Чеховская манера перебивать повествование вопросами объясняется, на наш взгляд, отмеченной жанровой особенностью притчевой традиции.
Слово анекдота — инициативное, но одновременно и легковесное, «неосновательное слово» (выражение из чеховского рассказа «В сарае»), курьезное своей окказиональностью, беспрецедентностью (неологизм, например). Оно в такой же мере плод остроумия, в какой и речевой ошибки, оговорки, описки, недоразумения. Анекдотическое слово принципиально «разомкнуто», диалогично, без слушателя его нет: анекдот невозможно рассказать самому себе.
Привлекая внимание блеском остроумия или, напротив, нелепостью, неуместностью, анекдотическое слово принимает непосредственное участие в движении сюжета, само может стать организатором эпизода, его эпицентром, «солью» анекдота. Оно сюжетно, тогда как слово притчи, стремящееся к простоте и смысловой прозрачности, ограничивающее себя посреднической функцией между цепью событий и осмысливающим ее сознанием, фабульно.
Столь полярная противоположность речевого строя притчи и анекдота позволяет Чехову извлекать из их соседства эффект конфликтной взаимодополнительности.
Анекдотическое слово, доминировавшее в рассказах Антоши Чехонте, не покидает и зрелую чеховскую прозу. Так, сообщая о том, что Гуров получил от швейцара сведения о муже Анны Сергеевны по фамилии фон Дидериц, повествователь «Дамы с собачкой» (1899) не преминет отметить: «Швейцар выговаривал так: Дрыдыриц». (Напомним, кстати, что молодой Чехов нередко обращался к анекдотической фигуре мужа-немца.) На другом жанровом полюсе «Дамы с собачкой» — медитация от первого лица множественного числа, предваряющая пришедшие к Гурову в Ореанде мысли о «высших целях бытия». Это столь неожиданное в чеховском рассказе «мы» («о покое, о вечном сне, какой ожидает нас» и т. д.) — притчевой природы. Если в анекдоте речь всегда ведется о других, то притча говорит прежде всего о нашей жизни.

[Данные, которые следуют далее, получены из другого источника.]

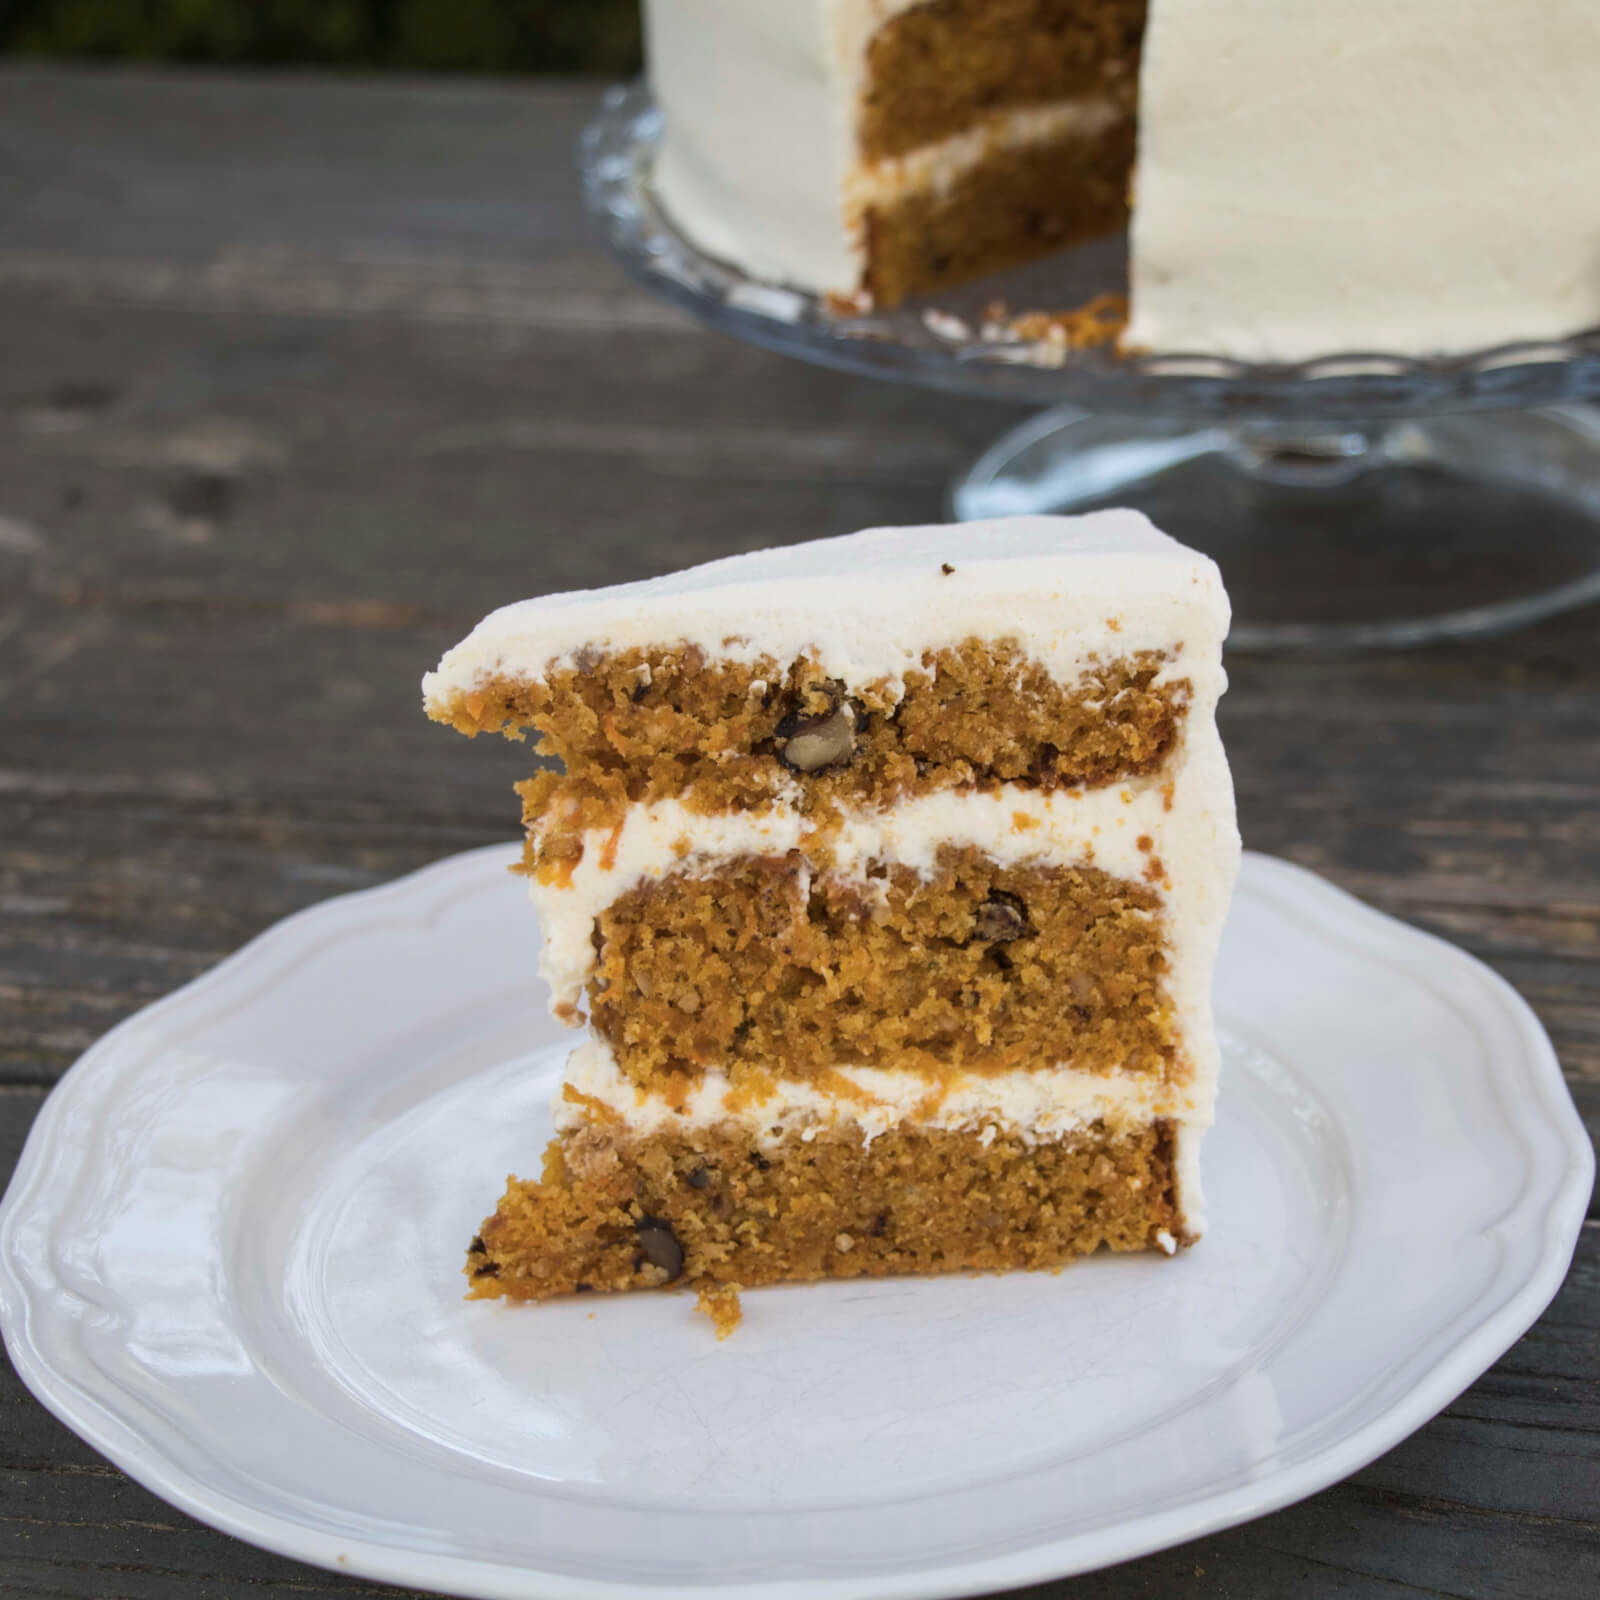 Carrot cake_best carrot cake recipe_carrot cake recipe from scratch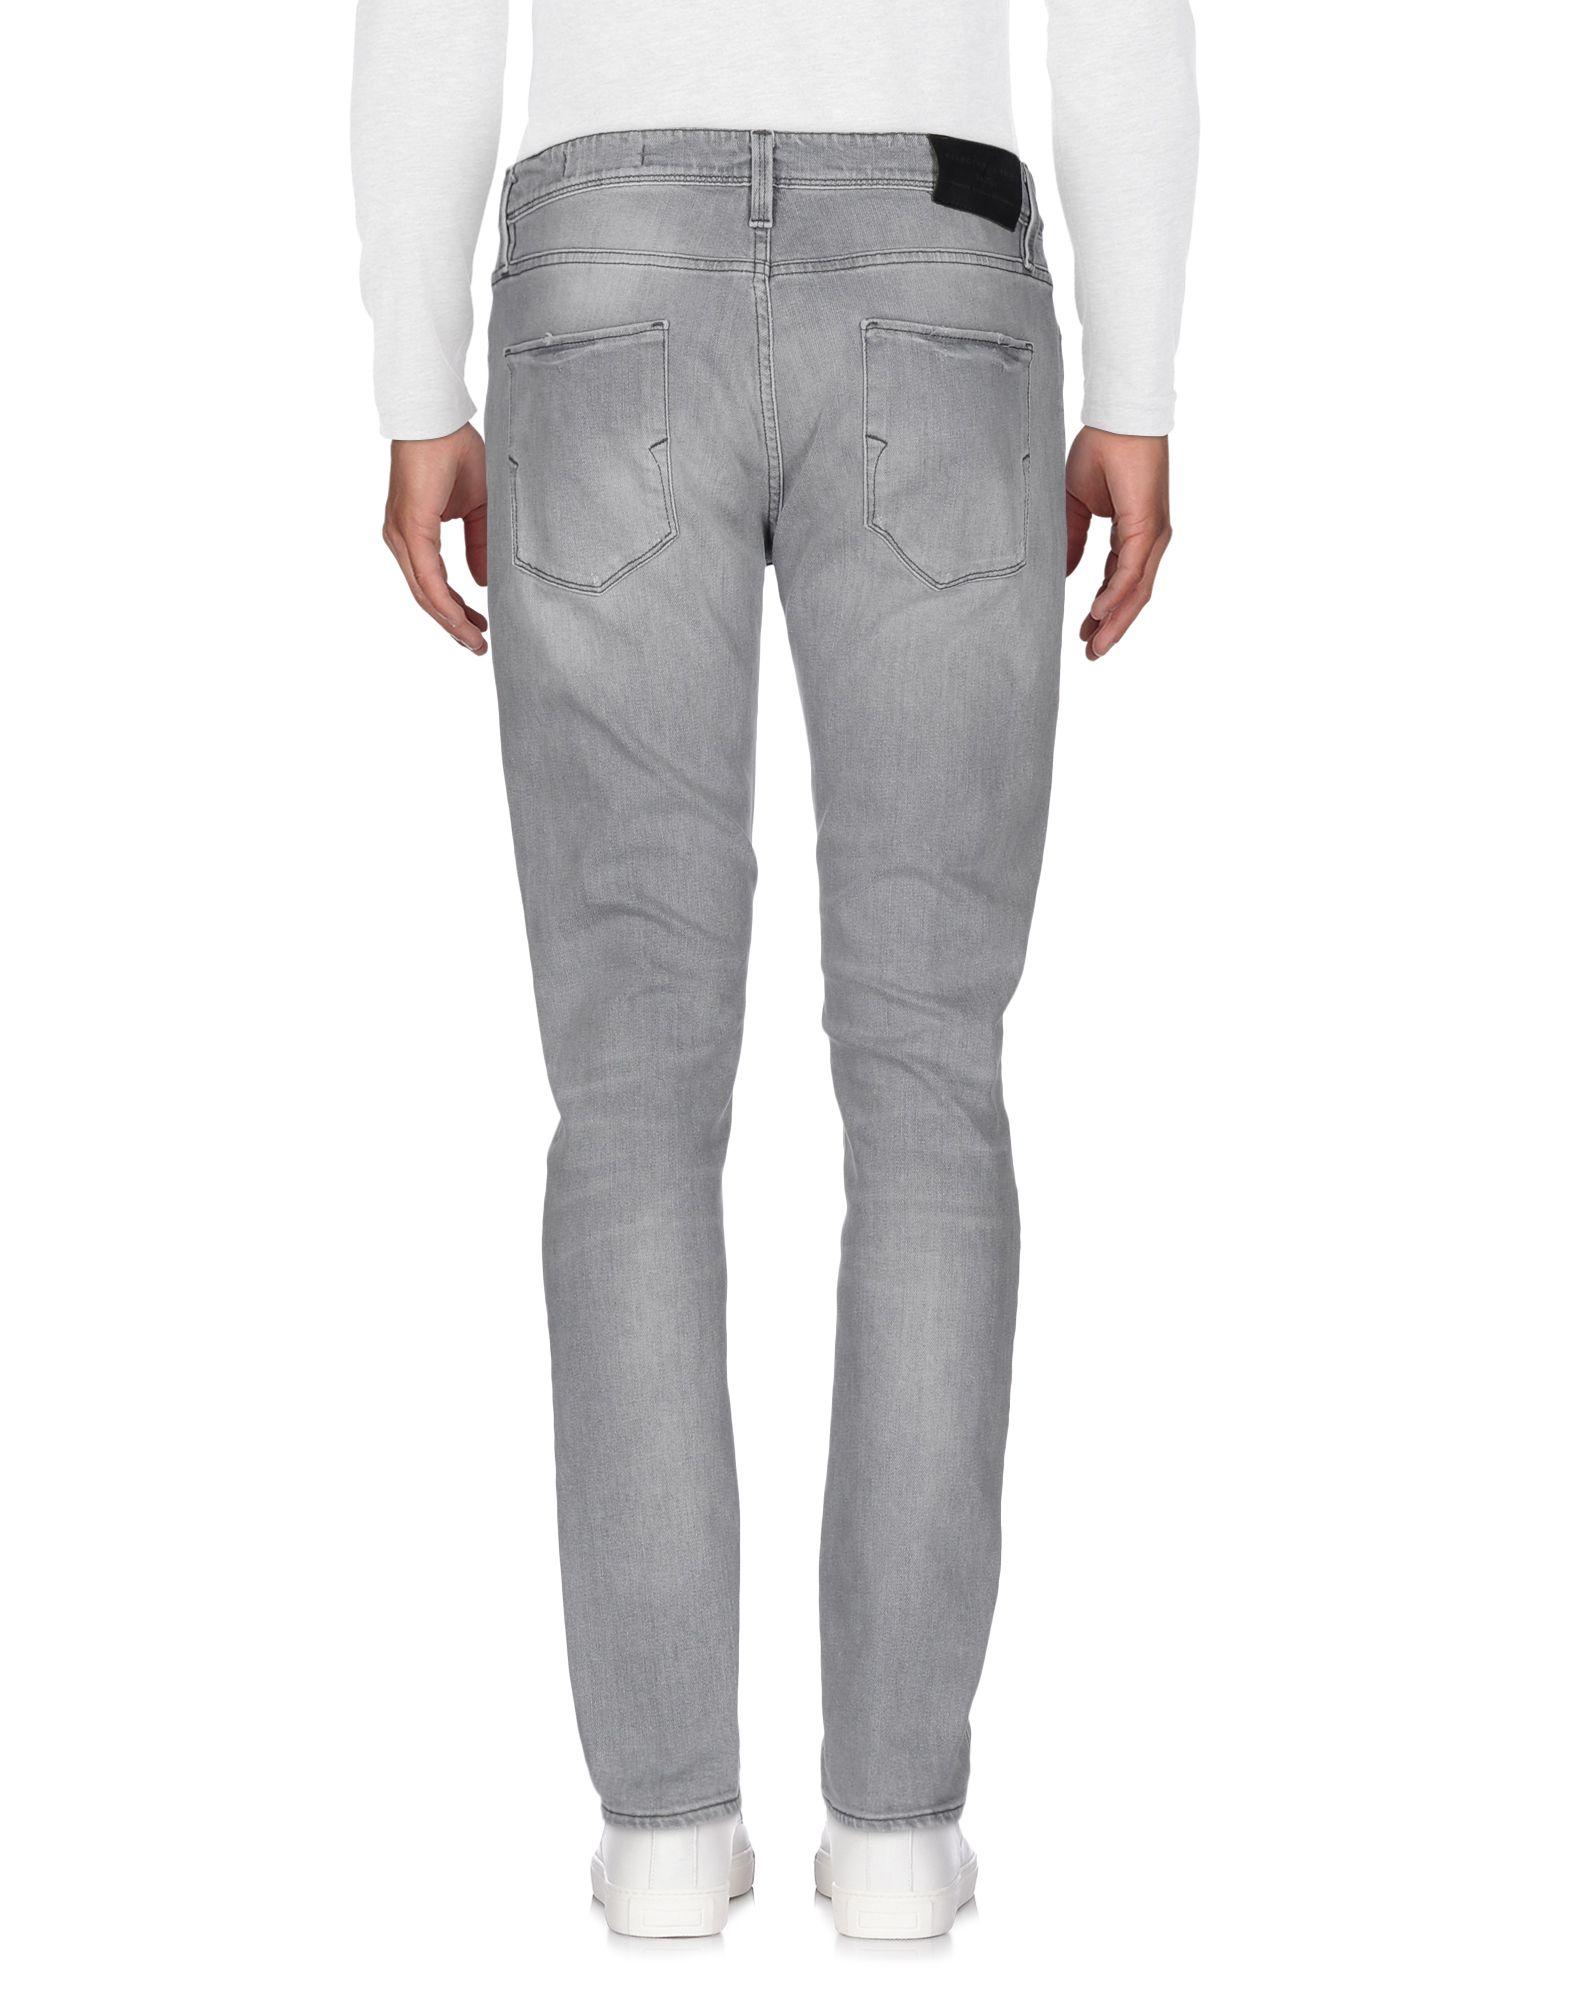 Pantaloni Jeans - Selected Homme Uomo - Jeans 42579923PJ 85f6f1

В то же время чистоте авторитарного тона медитации о «залоге нашего вечного спасения» препятствует характерное для Чехова «быть может», срывающее самую кульминацию рассуждения (подробнее об этом см. в гл. 2). Чеховские «быть может» или «казалось» принадлежат области оговорочного, скептического и в этом смысле анекдотического слова, никогда не претендующего на то, чтобы ему верили вполне.
Жанровое своеобразие зрелого чеховского рассказа в том и состоит, что он не знает ни анекдота, ни притчи в чистом виде. То и другое жанровое мышление в результате взаимопроникновения и взаимокорректировки преображаются, давая новое качество, новую литературность: анекдот преодолевает догматизм притчи, притча преодолевает легковесность анекдота. Так и рождаются произведения, подобные притчевому анекдоту «Человек в футляре» (1898) или анекдотической притче «Студент» (1894).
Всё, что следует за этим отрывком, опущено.